I follow her as the road twists down the mountain. Another sign catches my eye. WARNING, it says, SHARP CURVES AHEAD.
Right before we reach Jackson we turn onto Spring Gulch Road, which takes us to another long, winding road, this one with a big iron gate we need a pass code to get through. That’s my first inkling that our humble abode is going to be fairly posh. My second clue is all the enormous log houses I see tucked away in the trees. I follow Mom’s car as she turns down a freshly plowed driveway and makes her way slowly through a forest of lodgepole pine, birch, and aspen trees, until we reach a clearing where our new house poses on a small rise.
“Whoa,” I breathe, gazing up at the house through the windshield. “Jeffrey, look.”
The house is made of solid logs and river
rock, the roof covered with a blanket of pure white snow like what you see on a gingerbread house, complete with a set of perfect silver icicles dangling along the edges. It’s bigger than our house in California, but cozier somehow, with a long, covered porch and huge windows that look out on a mind-bogglingly spectacular view of the snow-covered mountain range.

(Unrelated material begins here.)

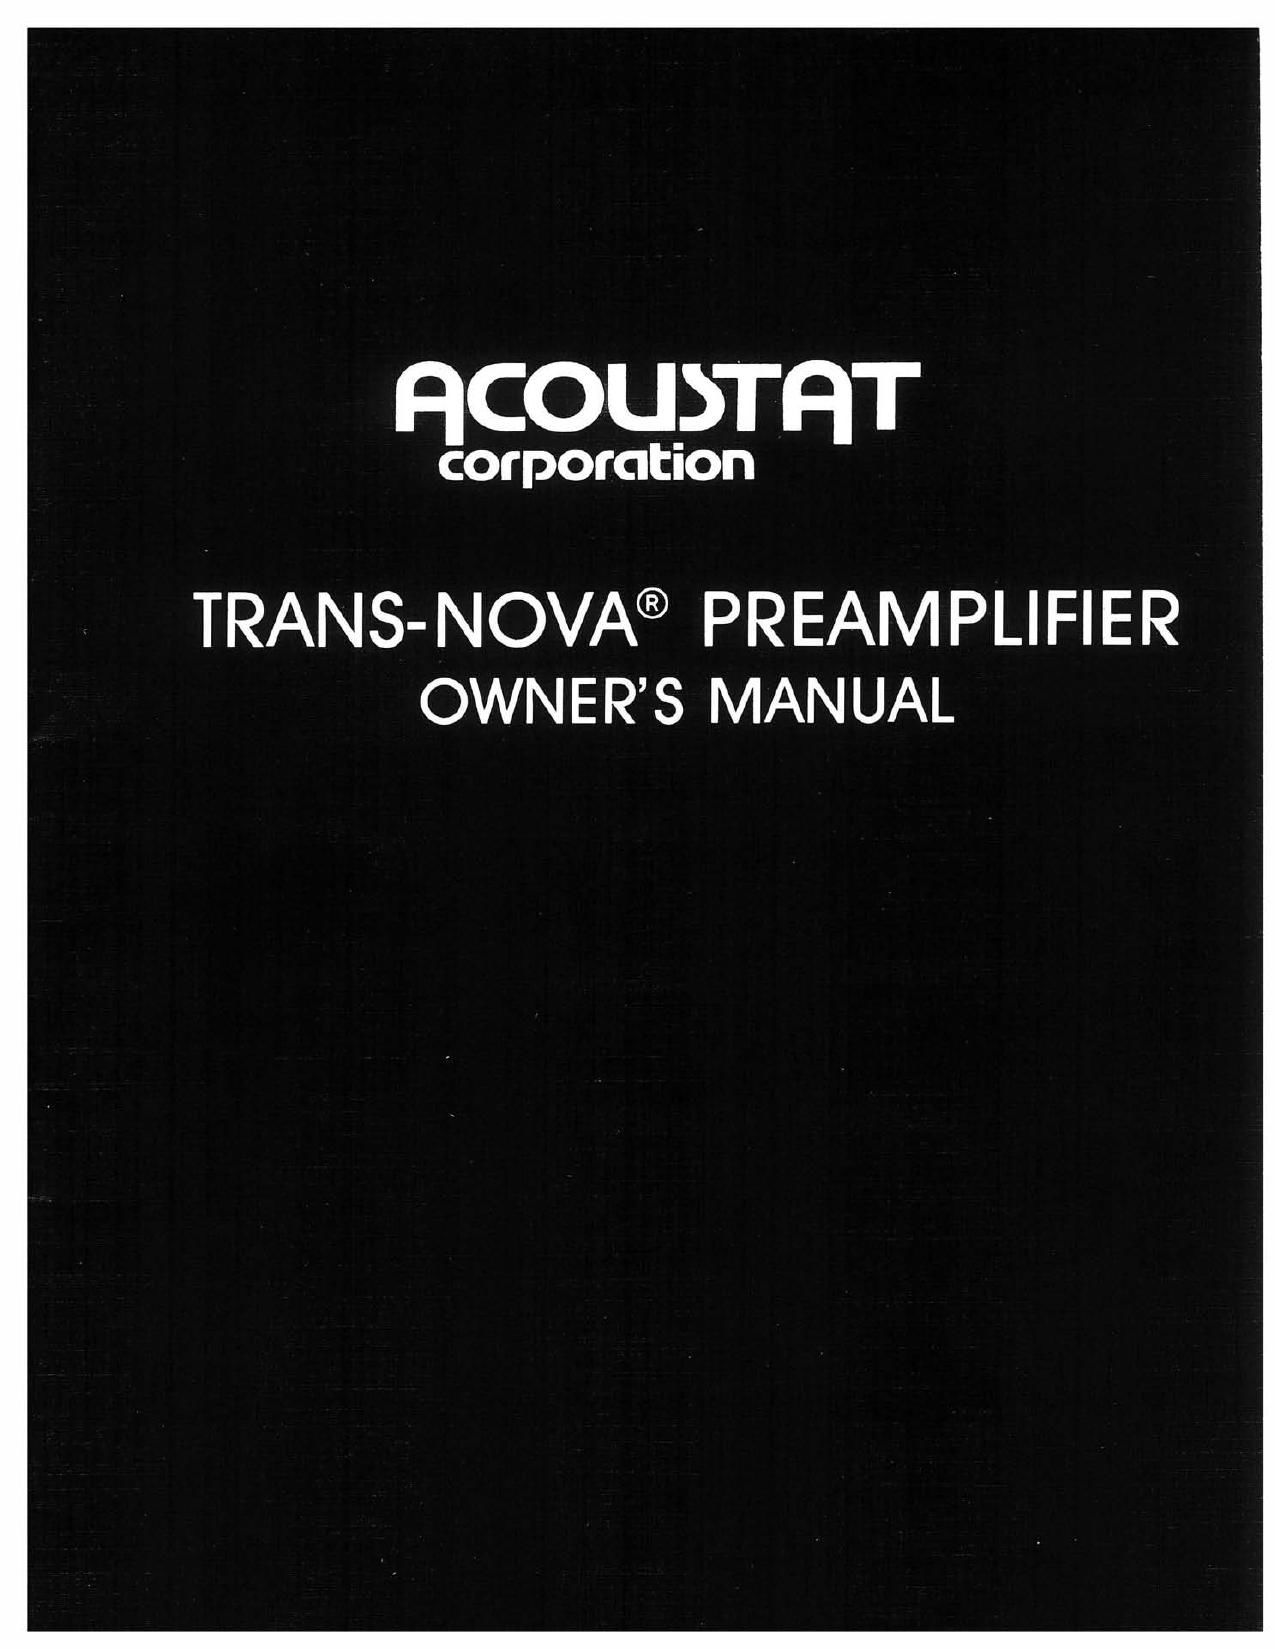 Acoustat Trans Nova Owners Manual
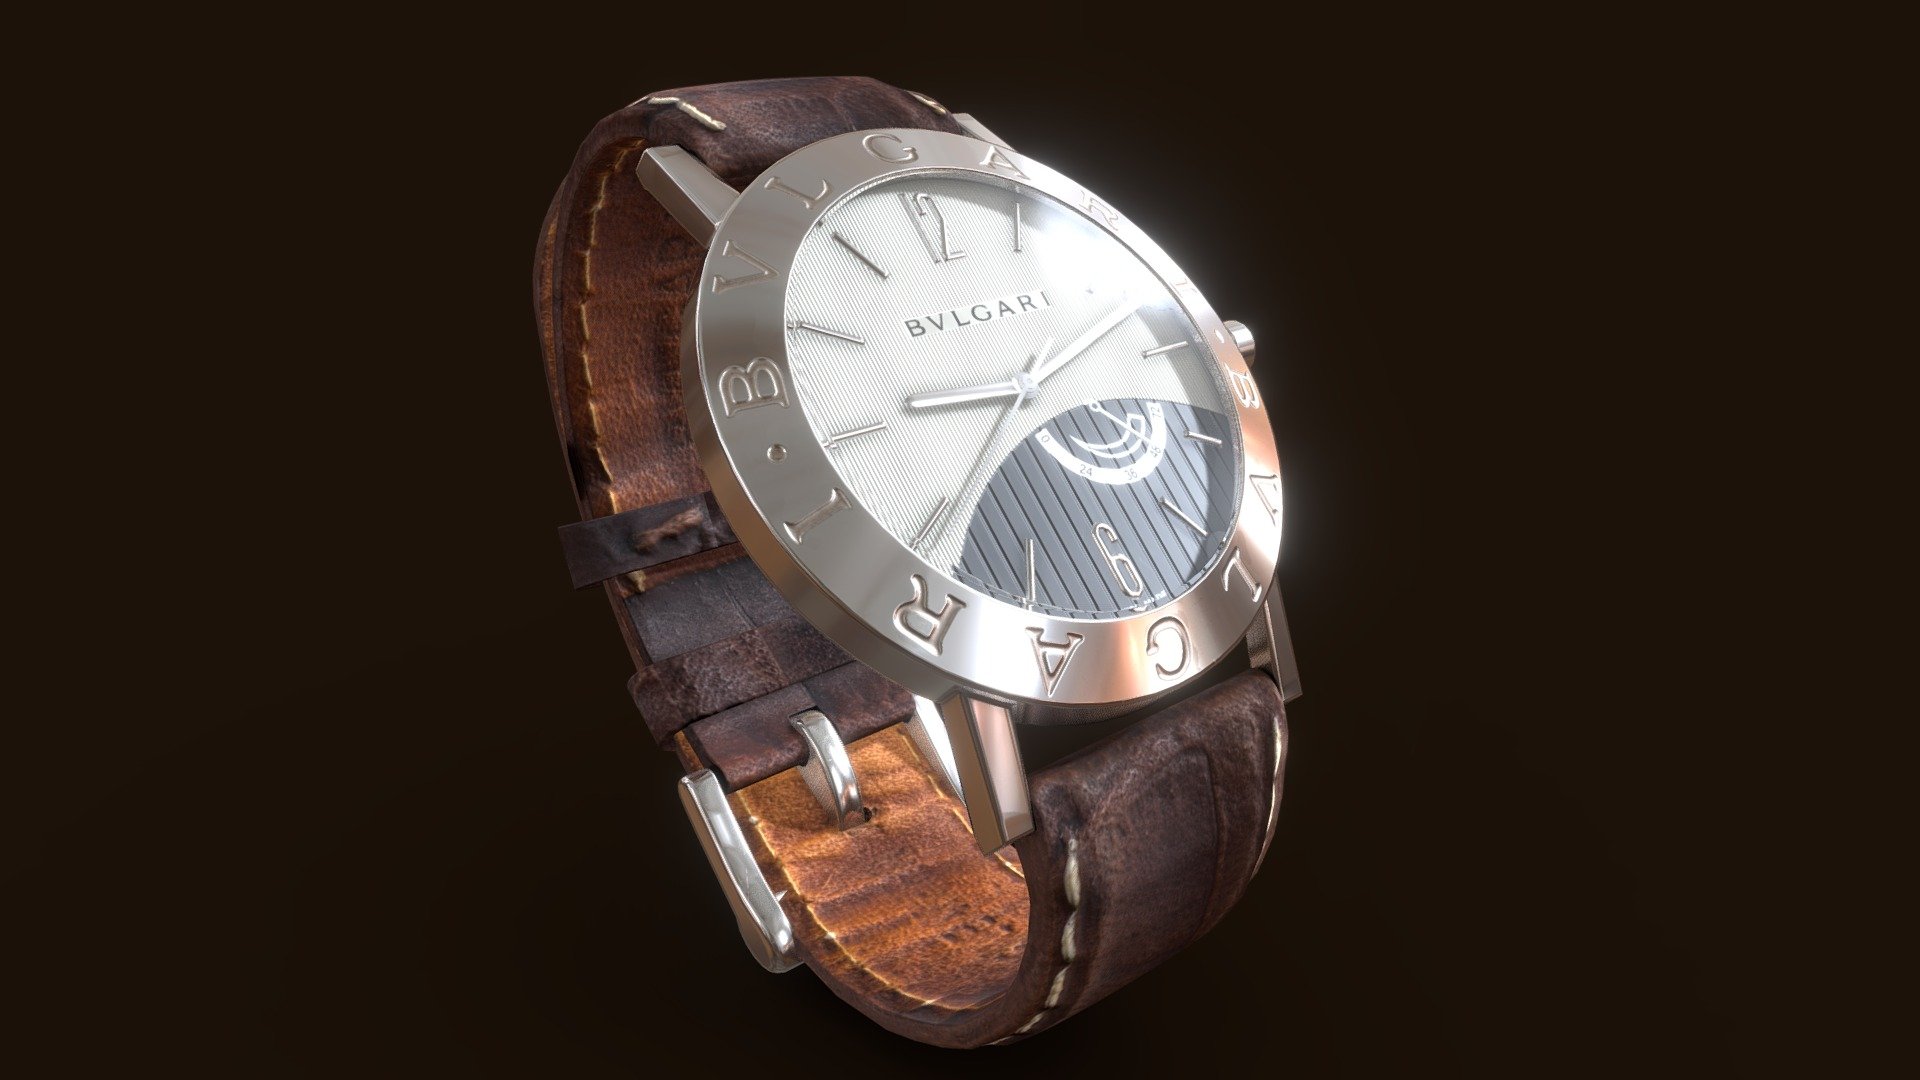 Wrist watch - Bvlgari Armbanduhr (Armbansur) - Wrist watch - Bvlgari Armbanduhr - 3D model by David Young (@David_Young) 3d model

“Welcome home,” Mom says. She’s leaning against her car, taking in our stunned reactions as we step out into the circular drive. She is so pleased with herself for finding this house she’s practically bursting into song. “Our nearest neighbor is almost a mile away. This little wood is all ours.”
A breeze stirs the trees so that wisps of snow drift down through the branches, like our house is in a snow globe resting on a mantelpiece. The air feels warmer here. It’s absolutely quiet. A sense of well-being washes over me.
This is home, I think. We’re safe here, which comes as a huge relief because, after weeks of nothing but visions and danger and sorrow, the uncertainty of moving and leaving everything behind, the insanity of it all, I can finally picture us having a life in Wyoming. Instead of only seeing myself walking into a fire.
I glance over at Mom. She’s literally glowing, getting brighter and brighter by the second, a low vibrating hum of angelic pleasure rolling off her. Any second now and we’ll be able to see her wings.
Jeffrey coughs. The sight is still new enough to weird him out.
“Mom,” he says. “You’re doing the glory thing.”
She dims.
“Who cares?” I say. “There’s no one around to see it. We can be ourselves here.”